In an unprecedented two-and-a-half hour round table style meeting, the SFDRCISD Board of Trustees sat down recently with leadership from the district’s secondary schools and opened direct lines of communication.

Board members were given the chance to educate themselves on the slew of tests required under laws and under what circumstances those tests can be administered and to which students and campus leadership was able to present their plans for improvement.

Principals at all three secondary campuses listed “mainstreaming” the student groups where rating problems have arisen as their first priority.

One of the areas where improvement is needed throughout the district under the No Child Left Behind law is the number of students enrolled in special education programs, Mary Ramirez, the district’s special education director, told the board.

Ramirez said congress says too many students are being identified as learning disabled.

“So they think we’re inflating our special ed numbers,” said board member Fernando Quiz.

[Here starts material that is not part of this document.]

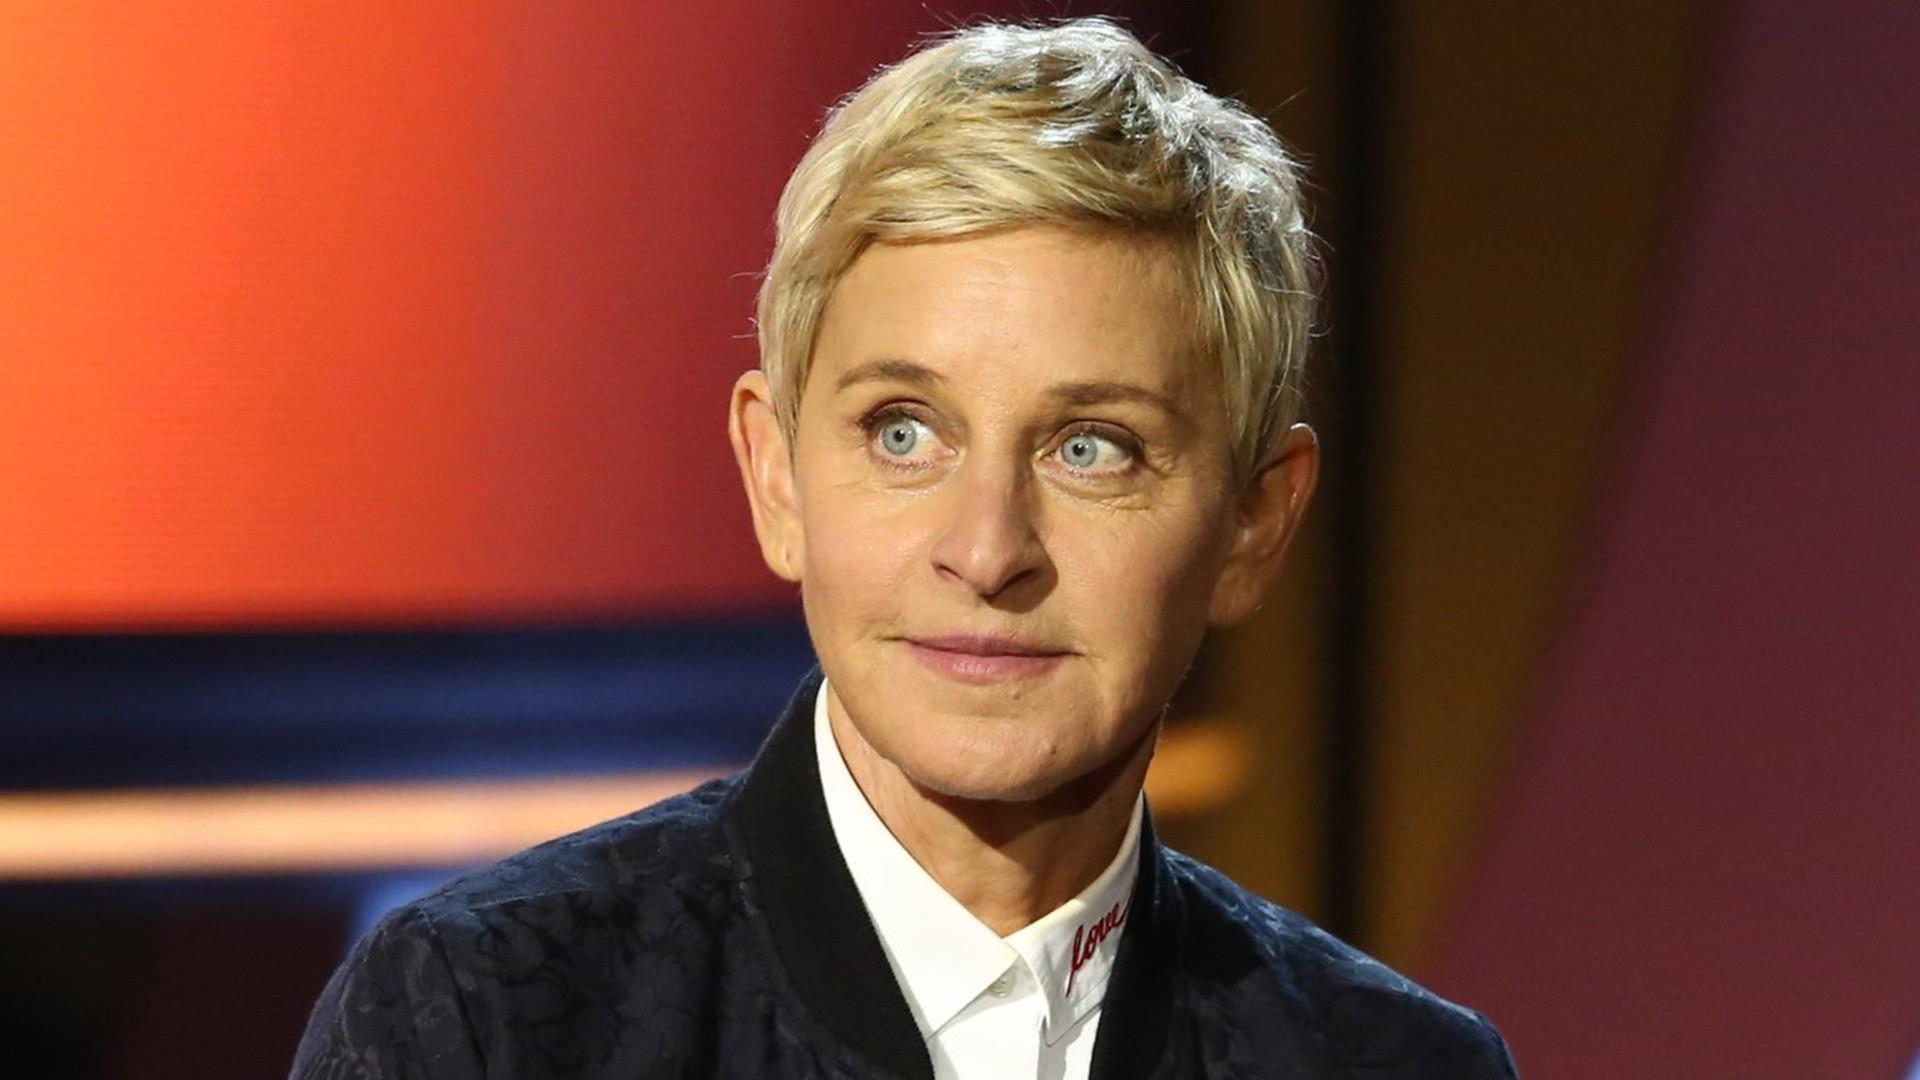 Ellen DeGeneres and George W. Bush's Cowboys meet-up reveals the cost of acceptance

Ramirez said that in 2004 the district had 1,258 students enrolled in special education programs. That number steadily grew and by 2006 it had reached 1,336 students, or 12.8 percent of the entire student population.

The state standard is 8.5 percent, which would require around 450 special education students in the district to be “mainstreamed,” meaning placed in general education classes.

While some parents and educators are grumbling about that strategy, for the TEA, the idea of mainstreaming seems to be the only way to go.

“Maybe it’s just time to move some of those students…which was the main goal of the program from the beginning anyway,” said TEA representative DeEtta Culbertson.

Many within the district also realize that some students use the special education program as a crutch and could become integrated into a general education environment easily.

“Special education is a vehicle to get student to mainstream education and should not be used as a label,” said San Felipe Memorial Middle School principal Jesse Guzman.

The three principals reassured the board that students who are introduced into a regular education environment would still receive some special education instruction during an adjustment period.

Special Education teachers are also being instructed to venture into general education classes to see what can be taken back to their own.

And, what if the district legitimately has a disproportionate number of special education students? Culbertson said the TEA is more than flexible when it comes to those situations, but was unable to fully elaborate on what flexible meant.

If all of this seems confusing, you are not alone.

In an age when standardized testing is the norm, educators are quick to admit they still do not fully understand the system or the compatibility between the state’s assessments and the federal government’s.

For example, at the state level, East Side Elementary was rated unacceptable, but passed AYP.

And the freshman campus, which as received more than $130,000 in grant money from the state for significant improvement failed to meet federal requirements.

At East Side the reason for the disparity is that on the state accountability test, science is one of the subjects factored, which is the only subject East Side failed to pass, but at the federal level, only reading and math are considered, giving them a thumbs up by NCLB.

And, the three schools marked “missed AYP” this year, including the freshman campus, were all marked “acceptable” by state standards.

What’s the difference at those schools?

According to the district’s superintendent of instruction Julio Ramos, it’s the number of subgroups evaluated when determining a school’s rating.

At the state level, the schools are judged on their entire student body, and are then evaluated on individual subgroups including African American, white, Hispanic and economically disadvantaged.

At the federal level, two additional subgroups are rated – Special Education and Limited English Proficient students.

Those two federal subgroup areas labeled all three schools as “missed AYP”.

“They just don’t jive,” said Del Rio High School Principal Jorge Garza of the two standards.